Through validation children feel seen, heard & loved unconditionally. I also explain why sitting with our child’s discomfort is so important, rather than trying to make our child feel happy & fixing whatever challenge comes up for our child.
Helpful Link
Click here for course notes
Feel free to join the conversation below.
Hi there, does anyone have any tips for validating emotions of a toddler when toddler can’t speak?
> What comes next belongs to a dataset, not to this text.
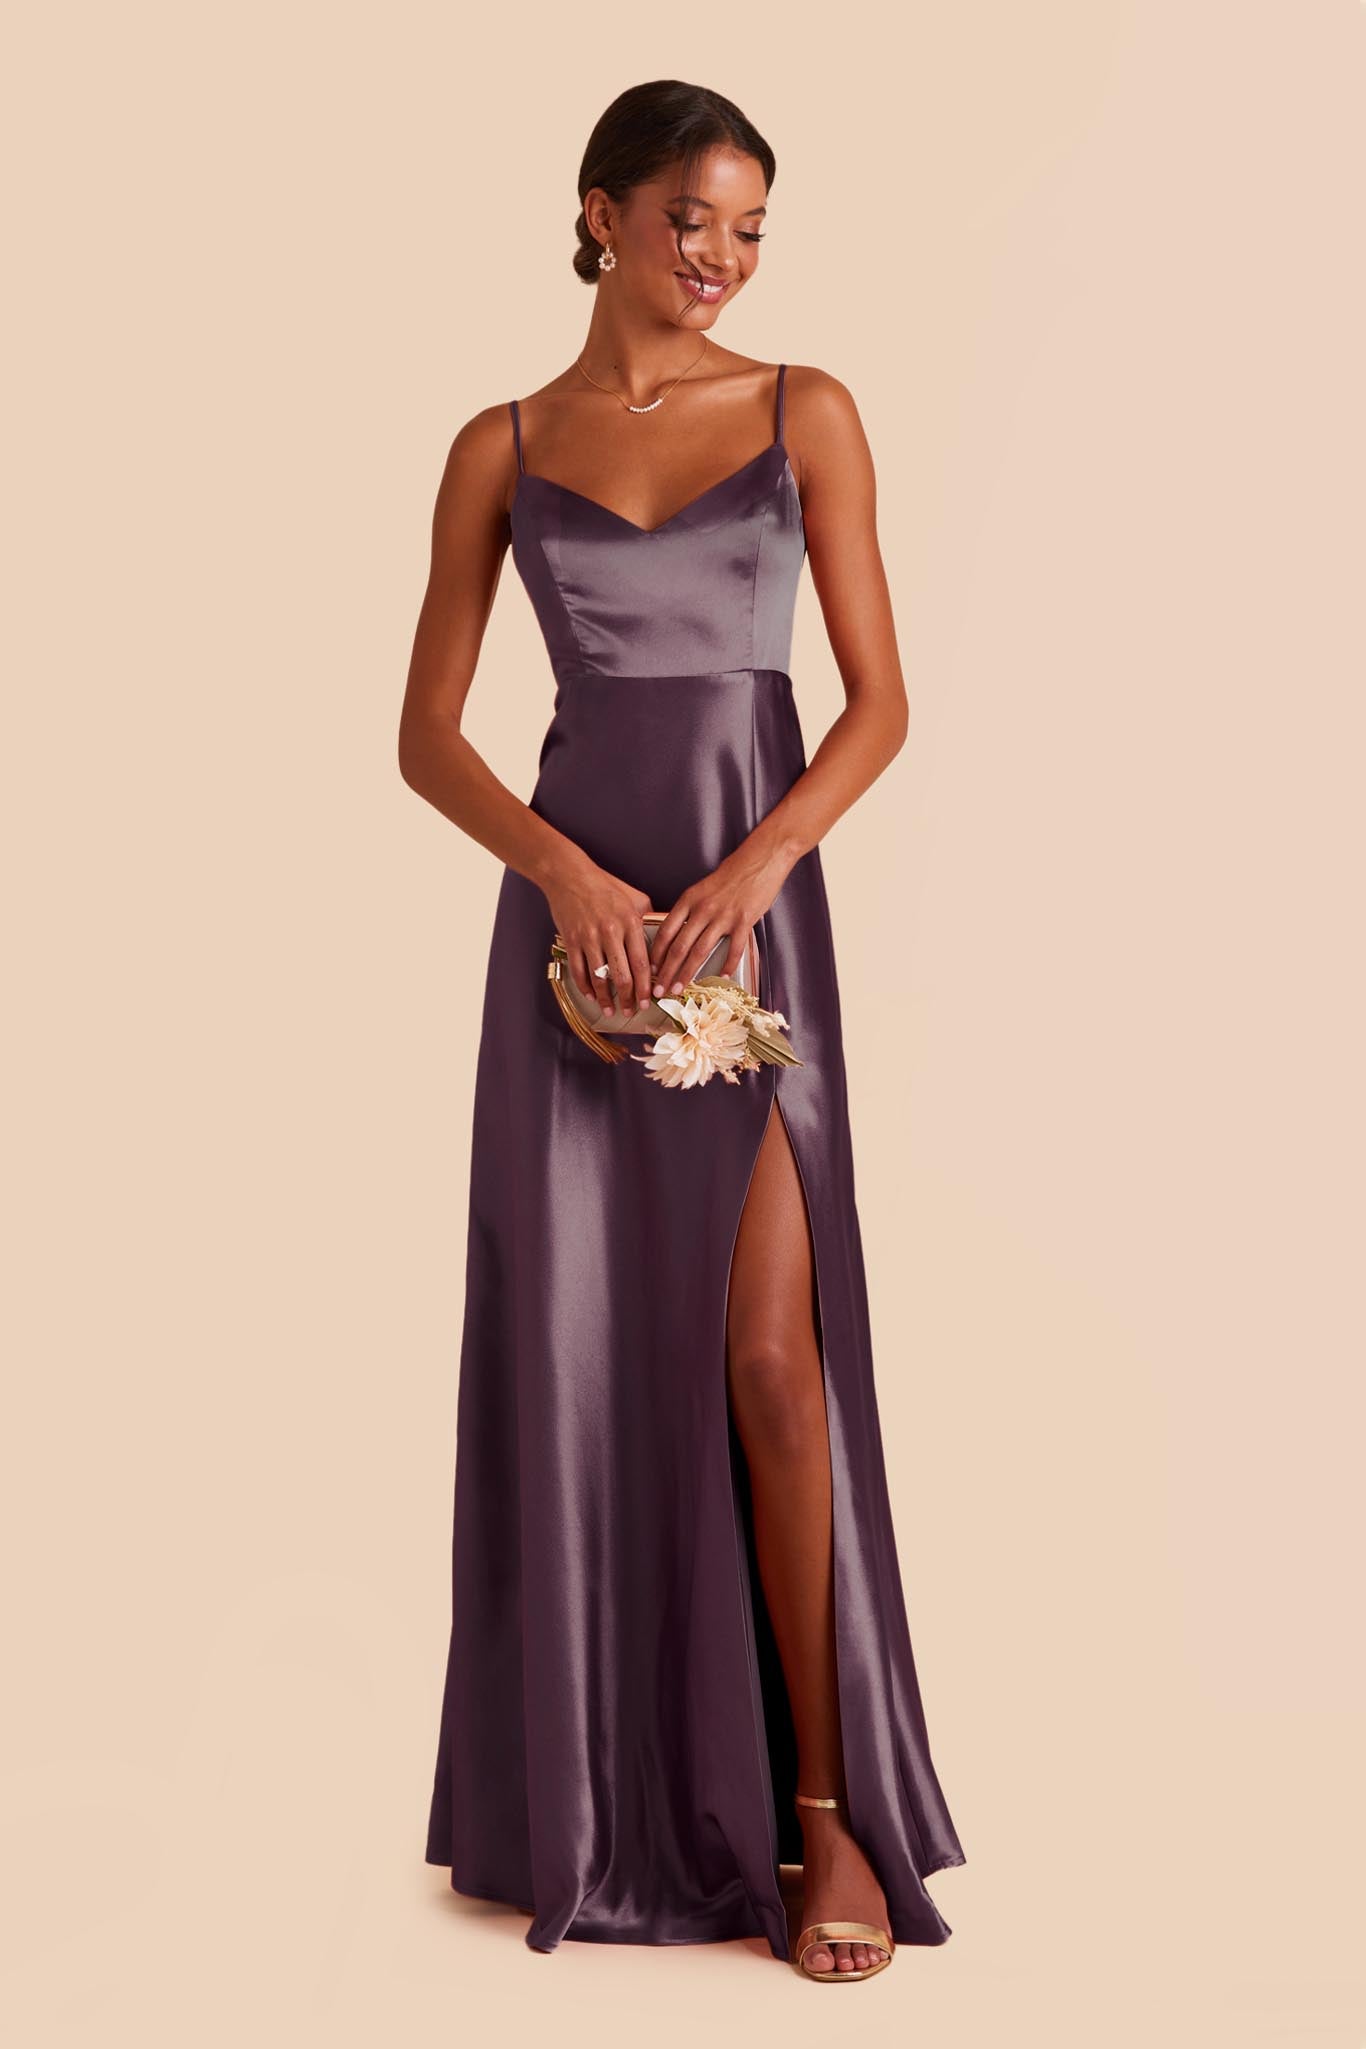 Plum Jay Satin Dress by Birdy Grey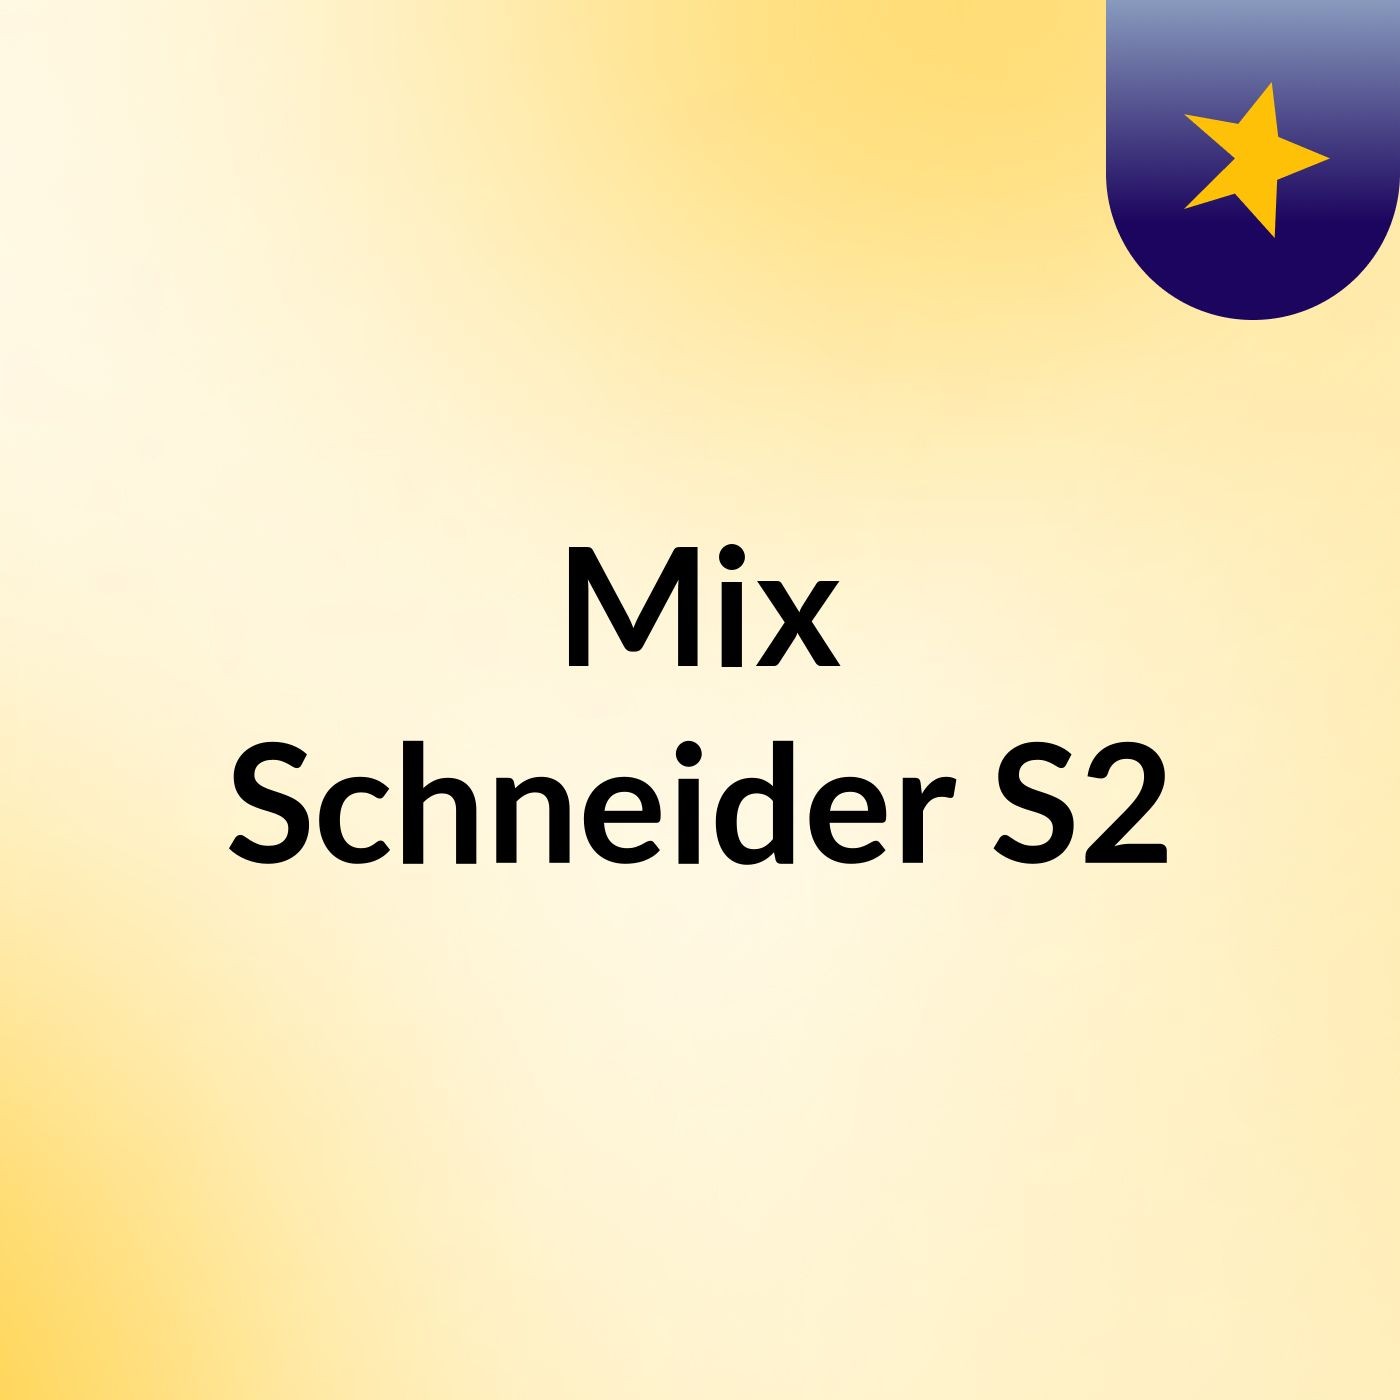 Mix Schneider S2

Would love to hear any suggestions. Really struggling with this at the moment. Feeling very passive at times.
Hi Anna,
The less verbal a child is, the more they sense our energy. Meaning, even if we say words to our child & perhaps they don’t understand the meaning of the words, they feel the energy behind the words. So we can even speak to babies who can’t speak at all & they will feel our energy while communicating to them.That being said, saying simple & short sentences are probably best. We can say things like, “I hear you”, “I understand you” & something that is really beneficial is to say, “You wish (share what our child wished, for example: you wish we didn’t have to leave the party right now/ you wish you got the pink cup)”. It’s beneficial because we are modelling to our child how they can express themselves through words, we are giving them the tools to use as they grow older and eventually they will be able to share “I’m feeling so hurt, I wish….”. You can find some more scripts with ideas of what to say in the course notes that are printable, links are under the video. Thank you for bringing up this great question & I hope this answered your question.
Hey sterna!
my almost 3 year old, for a while on and off says ‘no you don’t love me’ =. ive tried saying things like really? tell me more/ why do you feel that mommy doesnt love you etc. but i dont really get much from her after that although she is really verbal for her age. sometimes ill notice its because i say it really forcefully whhich she doesnt like, so i’ll say you didnt like it how mommy said it you want mommy to say it in a more gentle way? and she;ll say yeah and carry on lol
I’m wondering if it’s something i need to be giving attention to or if it is just her experimenting with cause and effect? only since shes pretty young, im not sure if this is the age in need to be delving in and making it a ‘thing’
Thank you always!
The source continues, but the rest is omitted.